If the agent isn’t following your instructions the way you expect — stop it. Ask it to analyze its own actions. Ask it to suggest improvements to the instruction file. Ask it to make those changes.
You’re guiding it to write better guidance for itself. That’s the loop.
The mental model: You’re managing a junior developer who can read a lot. Teach it, put guardrails, teach again. Ask it why it took that step. Invest in the verification layer.
Every improvement we’ve talked about makes your codebase better even without an agent. Linters, obviously. Documentation lookup. Skills for consistency.
We haven’t covered one important piece: documenting the codebase itself. Not the naive way where your CLAUDE.md grows to unmanageable size — structured, lean, knowing what belongs in instructions versus what the agent should read from code. That’s a later post in this series.
What Not to Forget
Context exhaustion is real. Agents become measurably worse near the end of their context window. This is actually what prompt injection attacks exploit — fill context with legitimate-looking content, then the model becomes more suggestible. I demonstrated this hacking a 43k-star tool in 90 minutes.

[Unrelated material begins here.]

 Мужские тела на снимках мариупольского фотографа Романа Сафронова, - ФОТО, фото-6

The solution: start fresh whenever you can. Use /compact. Restart Claude Code. With persistence and rules already defined in your codebase, you lose nothing by restarting. No hand-curated instructions disappear.

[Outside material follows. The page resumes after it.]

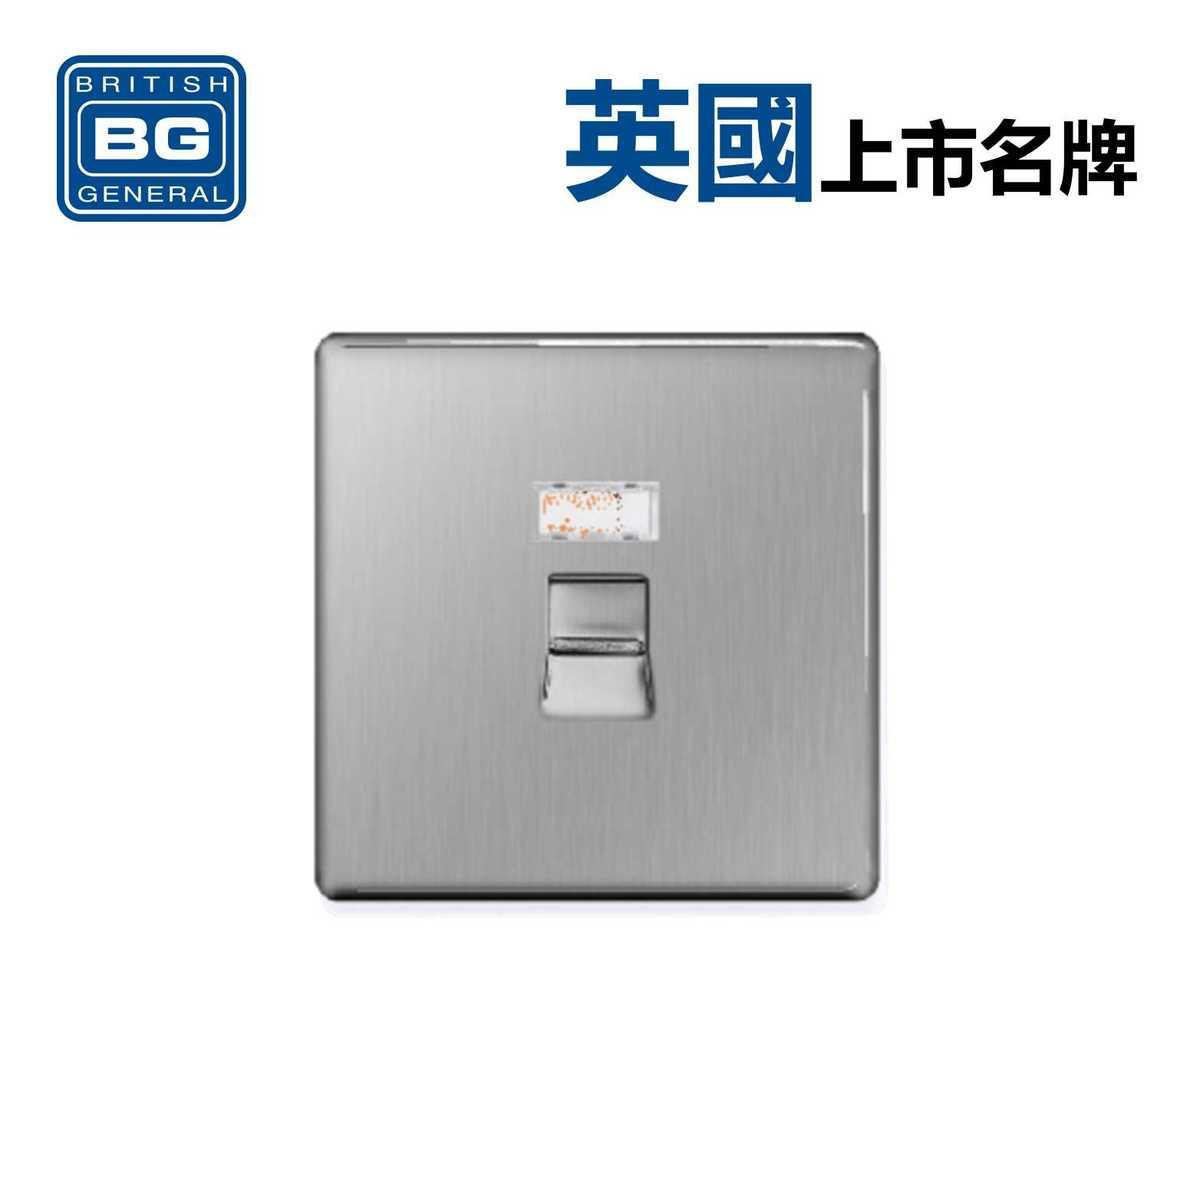 1-Gang RJ45 Data Socket -Flatplate Brushed Steel (Model: FBSRJ451)

The ideal state: your agent wakes up at any moment and knows how to work with the codebase. When it makes a mistake, the environment tells it. You can restart from anywhere.
Atomic commits. Minimal, cohesive changes. Best practices for software development anyway — not specific to agents.
Not for everything: Quick one-off scripts, unfamiliar domains where you can’t verify output, prototypes where correctness doesn’t matter — copilot mode is fine. Don’t overcomplicate simple tasks.
Pick one pillar. Set it up. The agent can already do more than you’re asking. Give it what it needs to drive.
First post in a series on agentic development. Next: deep dives into MCPs, skill development, verification patterns, and sub-agent architectures.